Groups were compared for statistical significance using the Pearson χ2 test for categorical variables and the Wilcoxon rank sum test for lengths of stay and costs. All of the comparisons were statistically significant, with P < 0.001, except for vasopressor use (P = 0.01) and ICU cost per day (P = 0.94). CT, computed tomography; DNR, do not resuscitate; ICU, intensive care unit; IMV, invasive mechanical ventilation; MRI, magnetic resonance imaging; NIV, noninvasive ventilation; SD, standard deviation.

After adjusting for demographics, comorbidities, organ failure scores, and hospital characteristics, those with DNR orders had higher mortality (odds ratio [OR] 2.39, 95% confidence interval [CI] 2.33–2.45) and were more likely to receive noninvasive ventilatory support (OR 1.39, 95% CI 1.36–1.43) than those without a DNR order (Fig. 1). They were slightly less likely to be treated in an ICU (OR 0.95, 95% CI 0.93–0.97) and much less likely to receive IMV (OR 0.68, 95% CI 0.66–0.70), vasopressors (OR 0.83, 95% CI 0.81–0.85), bronchoscopy (OR 0.56, 95% CI 0.53–0.60), MRI or CT scans (OR 0.68, 95% CI 0.65–0.71), and central lines (OR 0.76, 95% CI 0.71–0.81), and to initiate dialysis (OR 0.64, 95% CI 0.57–0.71). Patients with DNR orders had shorter lengths of stay (OR 0.91, 95% CI 0.91–0.92), particularly in the ICU (OR 0.78, 95% CI 0.78–0.79). Their total hospitalization and ICU costs were lower, but the cost per day for hospital stay and ICU stay was similar between the groups. All of the associations were highly statistically significant (P < 0.001).

Fig. 1.

Fig. 1.

Adjusted associations of outcomes with DNR status on admission. CT, computed tomography; DNR, do not resuscitate; ICU, intensive care unit; IMV, invasive mechanical ventilation; MRI, magnetic resonance imaging; NIV, noninvasive mechanical ventilation; OR, odds ratio.
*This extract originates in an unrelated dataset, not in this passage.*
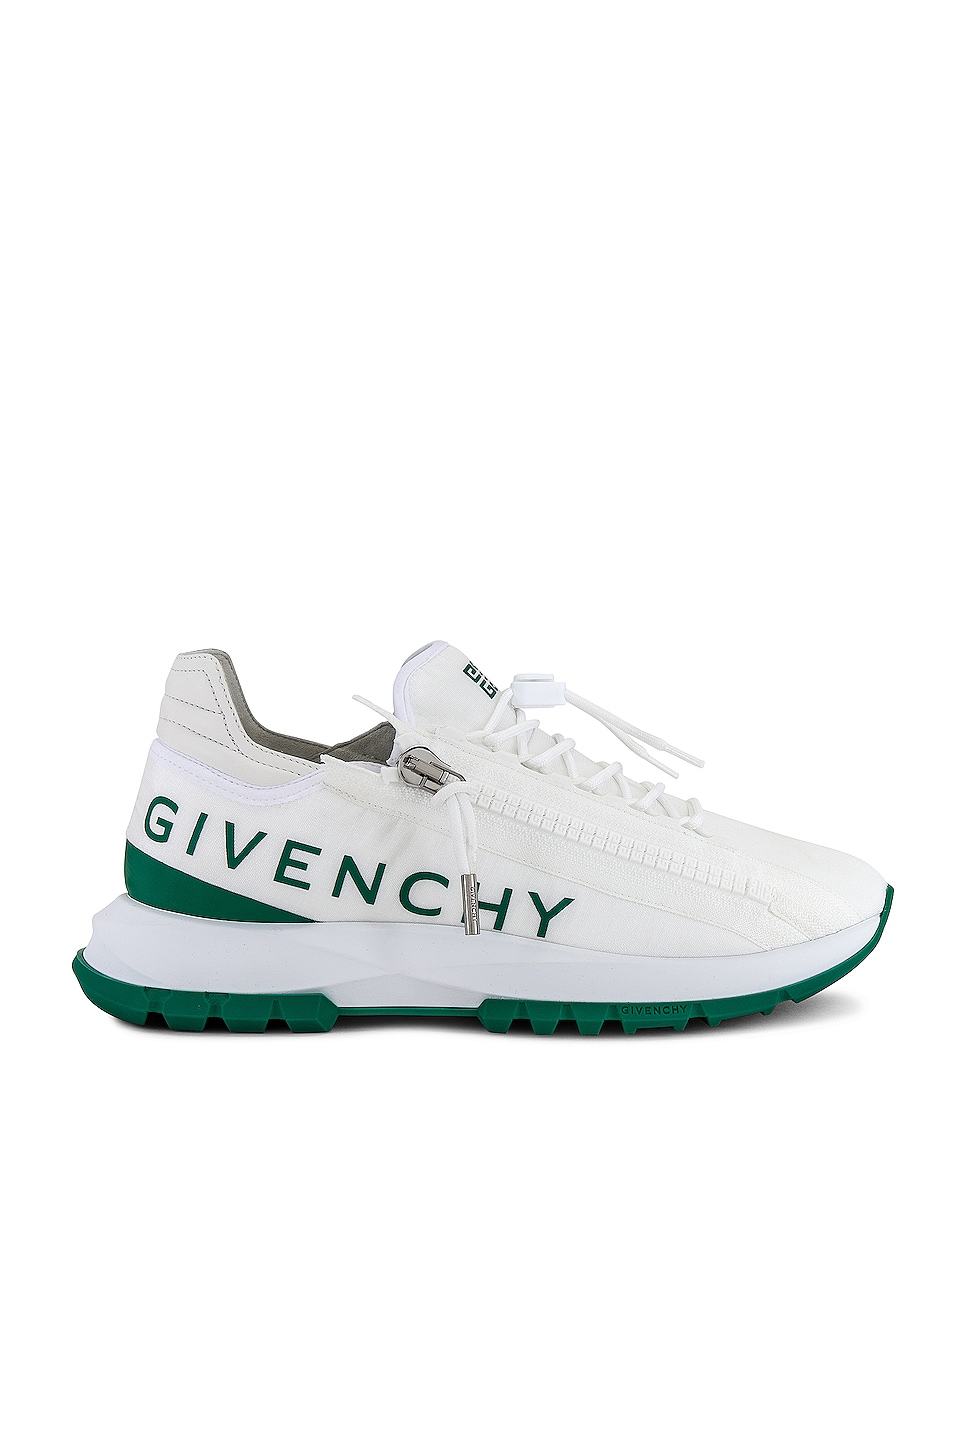 Image 1 of Givenchy Spectre Zip Runners Sneaker in White & Green

There was little consistent relationship between predicted mortality and having a DNR order (Supplemental Figure 2). Within each quartile of predicted mortality, patients with DNR orders had higher mortality than those without, but resource utilization was generally lower for those with a DNR order (Fig. 2). As mortality rose, patients with DNR orders went from using more resources than other patients to using less than others. In the lowest predicted mortality group, patients with DNR orders stayed longer in the hospital (6.0 ± 4.9 days vs 5.1 ± 4.8 days, P < 0.001) and had higher costs than those without DNR orders, whereas in the highest predicted mortality group, patients with DNR orders had shorter lengths of stay than those without (7.7 ± 6.9 days vs 10.9 ± 10.0 days, P < 0.001) (Supplemental Table 2). They also went to the ICU less frequently (66.7% vs 80.8%, P < 0.001) and had much lower costs.

Fig. 2.

Fig. 2.

Difference in outcomes between those with DNR and those without, for the patients in the lower three quartiles and upper three-twelfths of the distribution of predicted mortality. DNR, do not resuscitate; ICU, intensive care unit; ref, reference.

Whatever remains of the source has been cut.